Coronavirus and the homeless population
Now, as the number of coronavirus cases continues to climb in Japan, the homeless population is especially vulnerable. Many of them have prior health concerns, such as heart disease and diabetes. Takayuki Koda, a 67-year-old homeless man, told The Japan Times that, “Coronavirus is an illness for pampered people.” The reports on homeless people dying have been few and far between, so they paint a picture that there isn’t anything to worry about.

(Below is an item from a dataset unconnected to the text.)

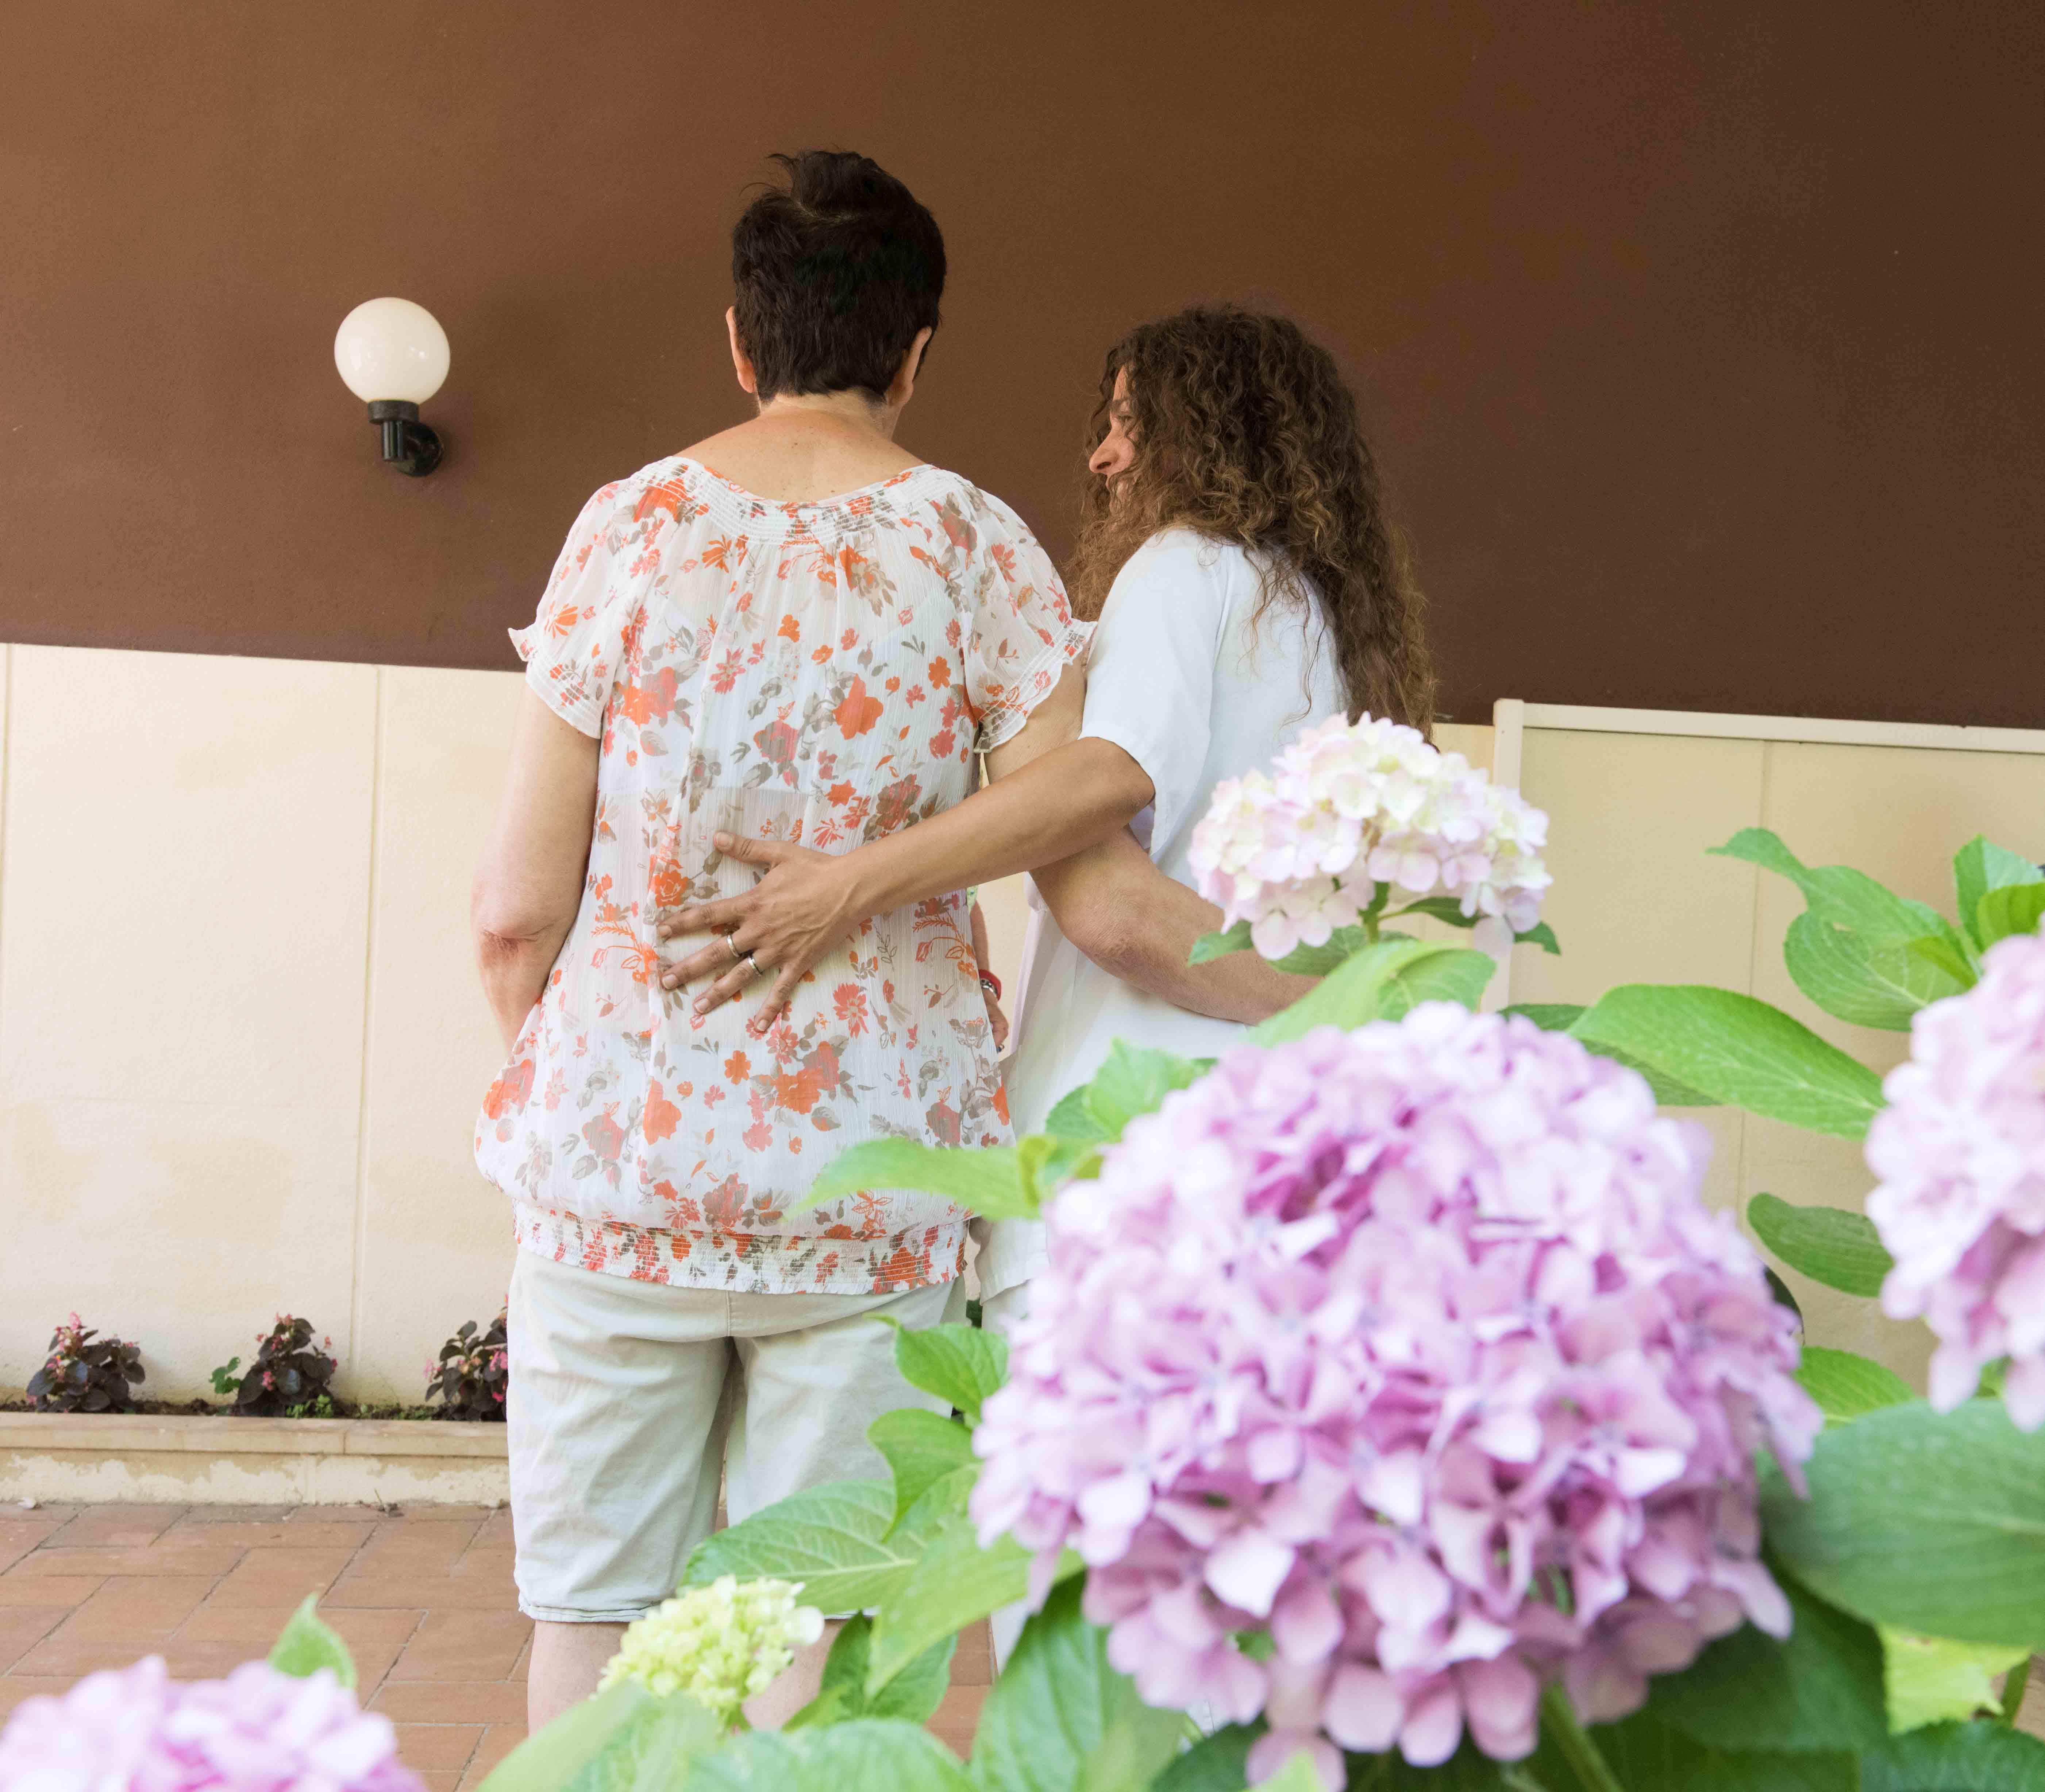 Hospitalitat principal valor que mou les nostres accions. Pacient i cuidadora flors
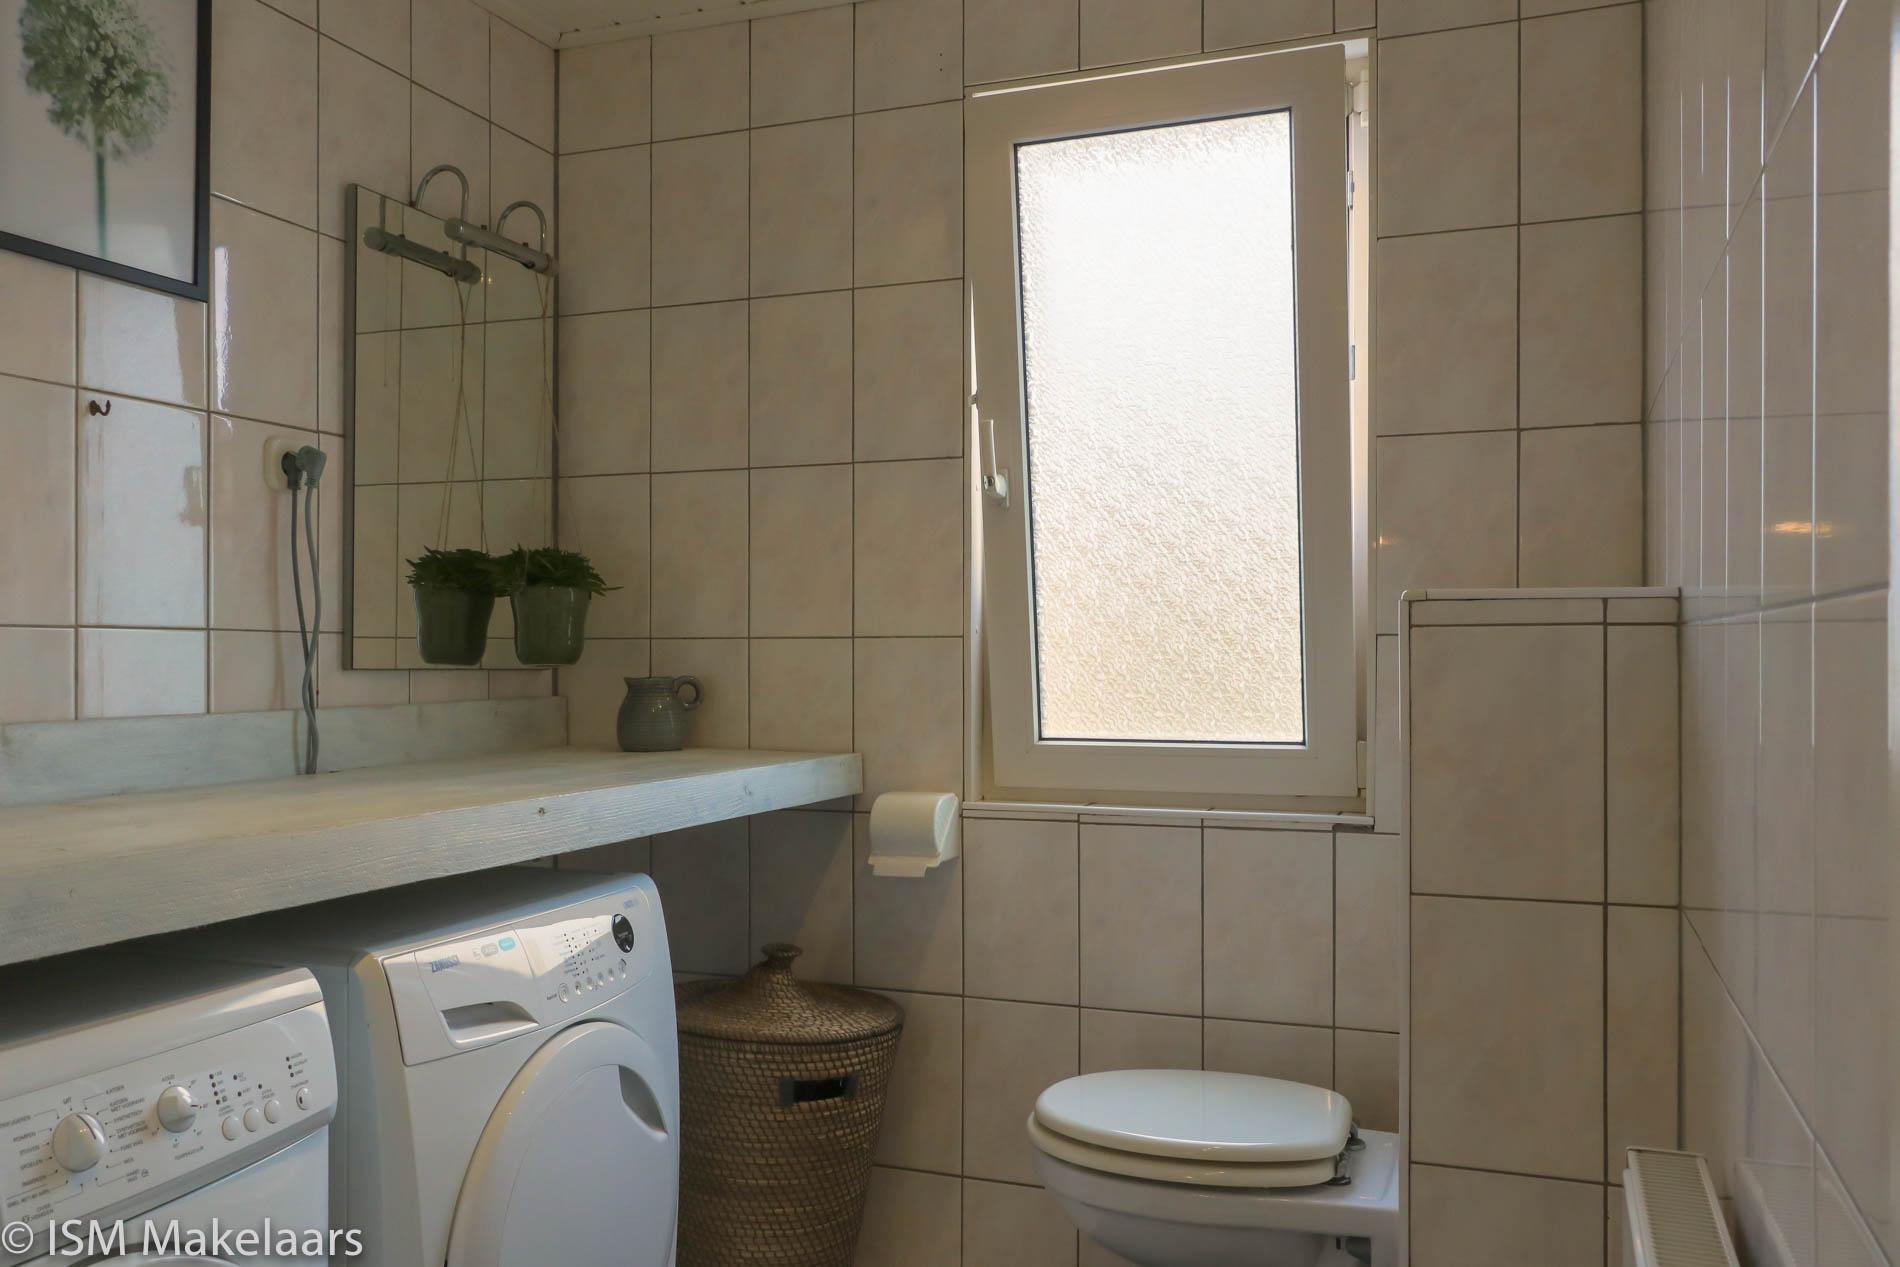 toilet-/witgoedruimte nazareth 55 wolphaartsdijk ism makelaars

However, homeless people are at a much higher risk of contracting and dying from COVID-19 than any other group.
This concern has prompted a Change.org petition requesting the use of the (currently empty) Olympic Athletic Villages and stadiums as temporary homeless shelters. While the petition has garnered over 54,000 signatures, there doesn’t seem to be any indication that the government will follow suit. So far, the organizers of the Tokyo Olympic Games and the government have refused to comment on the petition. While the government has offered assistance to those affected by the virus, much of those services are not available if a person doesn’t have a verifiable address.
Community Over Commerce
Miyashita Park is beautiful and the design does show some effort in keeping the community green. The stores in the mall are aimed entirely at Shibuya’s vibrant, ever-changing youth culture, which values art, sustainability and community more so than previous generations.
Although the public is highly receptive of the new mall, the destruction of the park has left those most vulnerable in society completely alienated. As big names like Nike, Balenciaga and Louis Vuitton move in, they’re pushing out local businesses and some of society’s most at-risk individuals.
While redeveloping urban spaces can be inspiring and help attract more tourists to the capital, commercial overhauls like the recently reopened Miyashita Park inevitably leave one to wonder: Couldn’t the money used to build these facilities be used for something else?